What this task involves: Restate the listing below word for word, pictures excluded.

Supplied data:
────────────────────
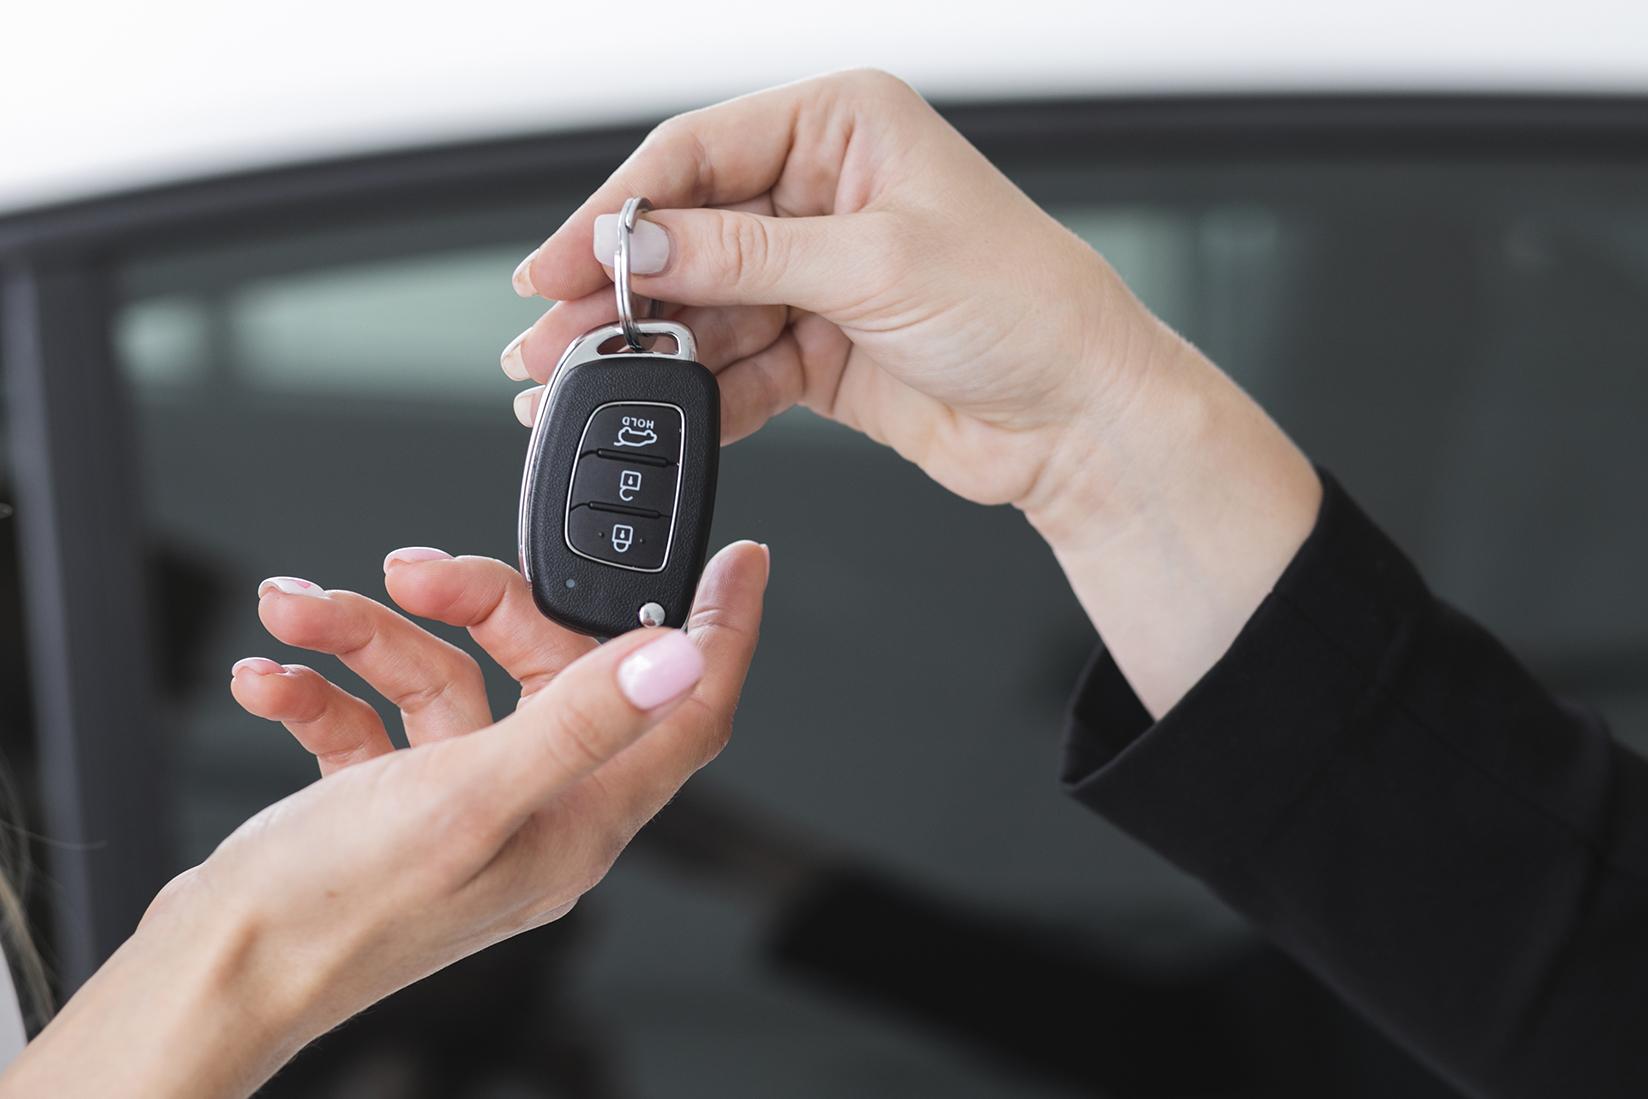 債務整理をする前に車や家の名義を変えたらどうなる?
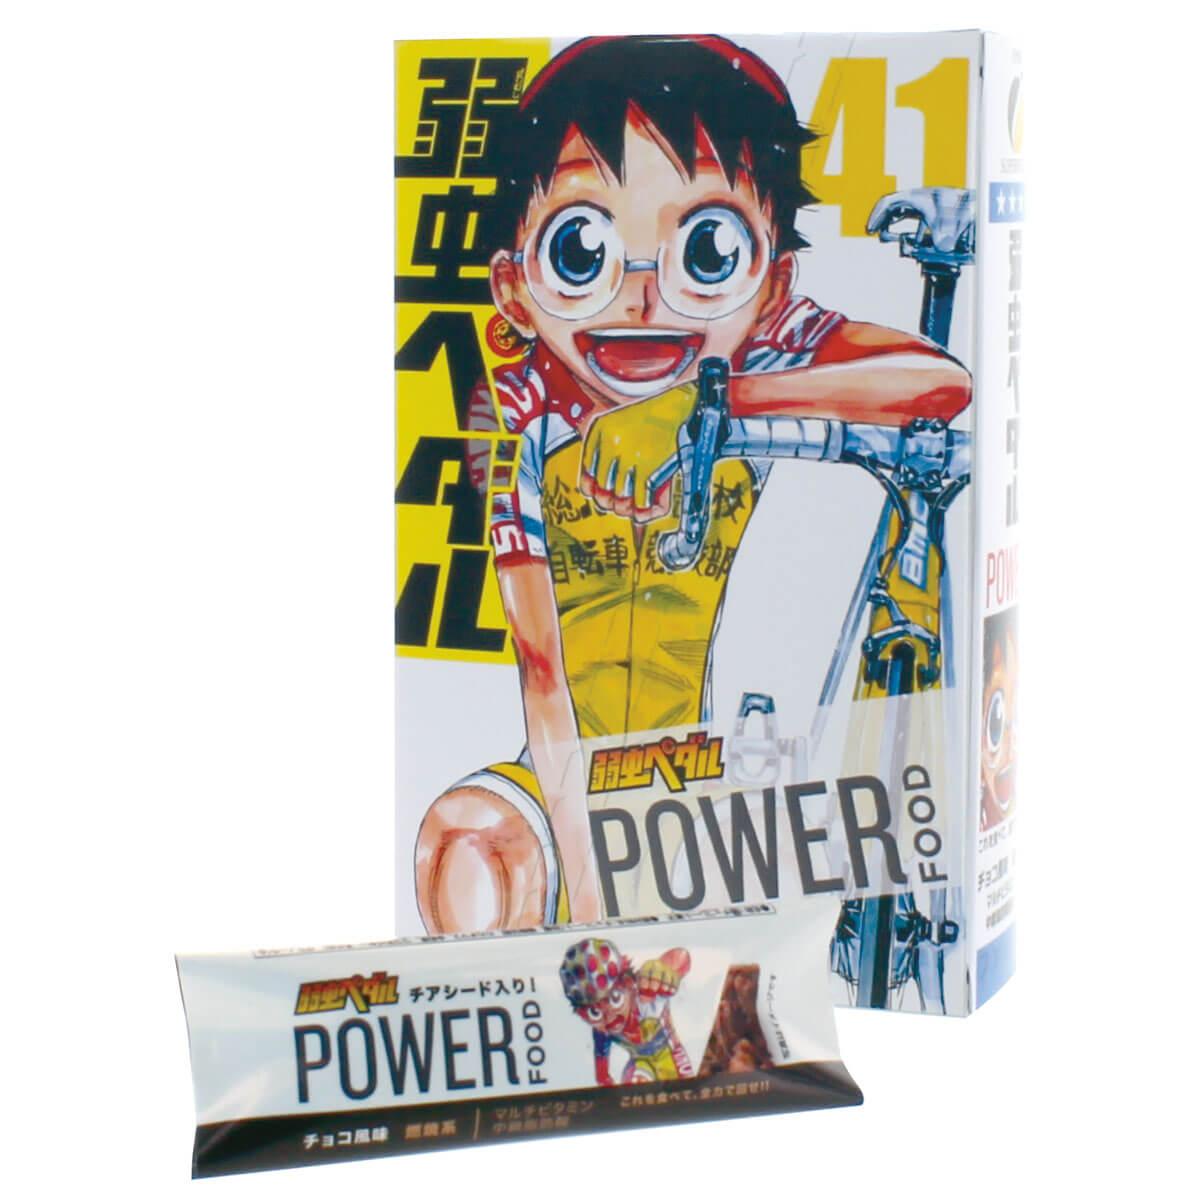 アキバ大好きのオタク少年・クライマー小野田坂道(燃焼系 チョコ風味)
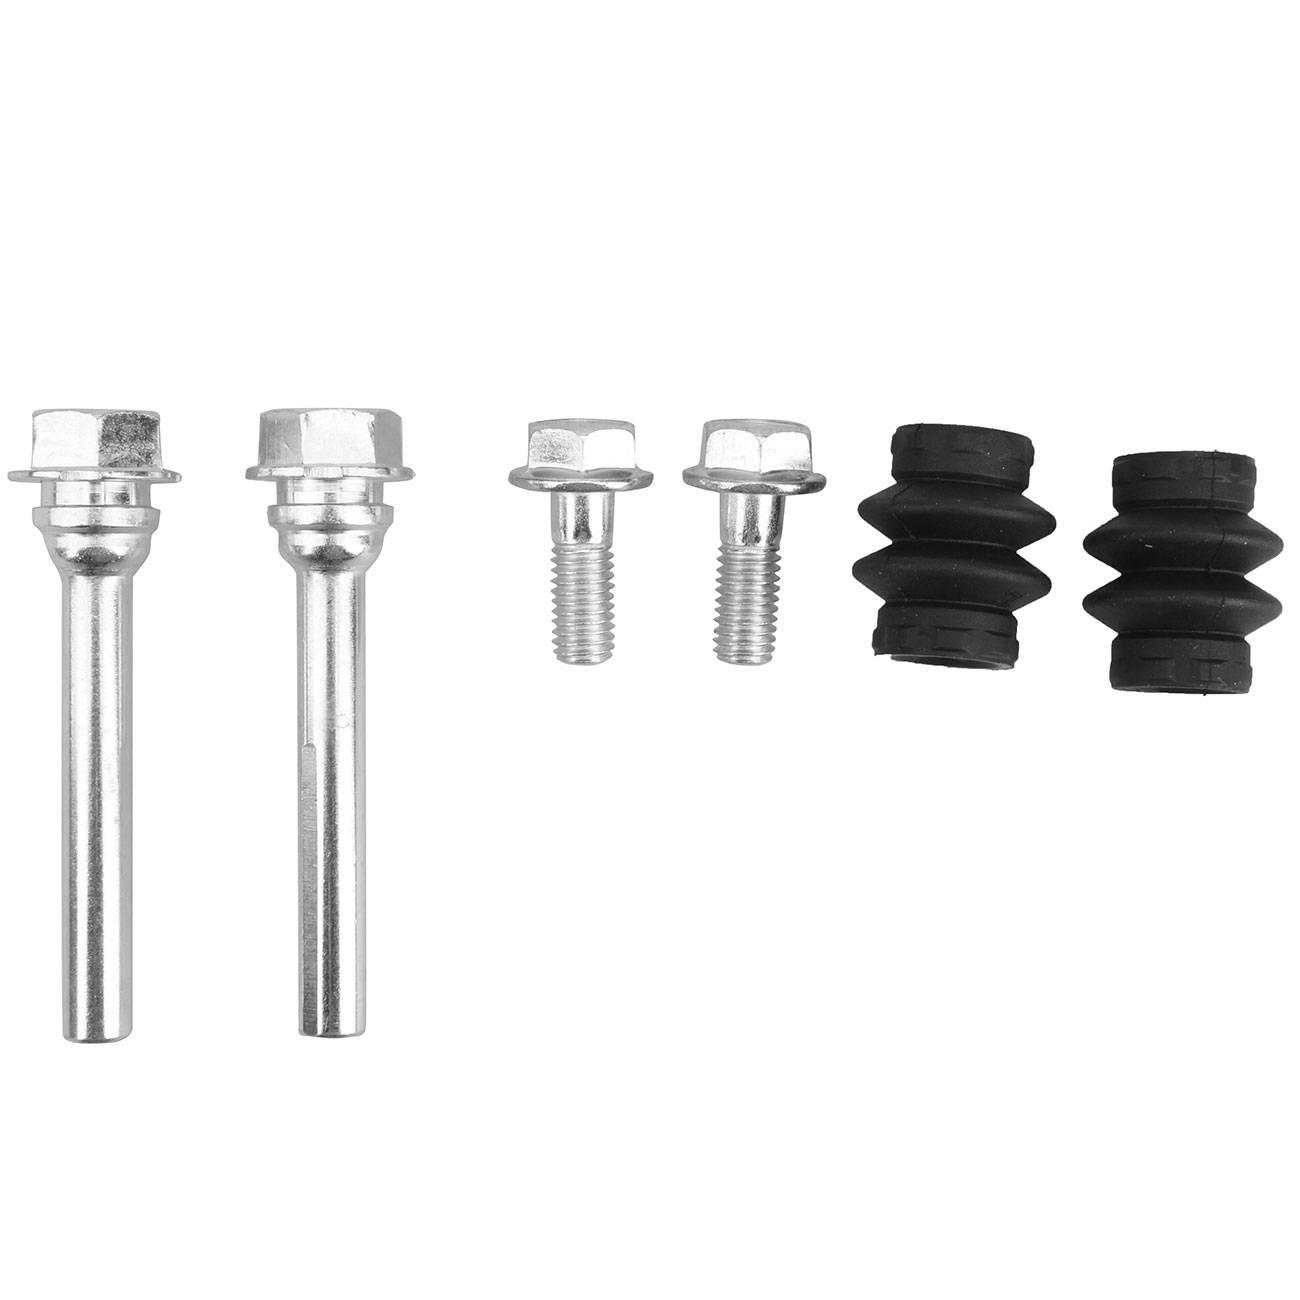 Bapmic-Set-Rear-Brake-Caliper-Brake-System-for-VW-Passat-3C2-3C5-1-6-1-9 thumbnail 5
────────────────────
Result of this task:
 債務整理をする前に車や家の名義を変えたらどうなる?
 アキバ大好きのオタク少年・クライマー小野田坂道(燃焼系 チョコ風味)
 Bapmic-Set-Rear-Brake-Caliper-Brake-System-for-VW-Passat-3C2-3C5-1-6-1-9 thumbnail 5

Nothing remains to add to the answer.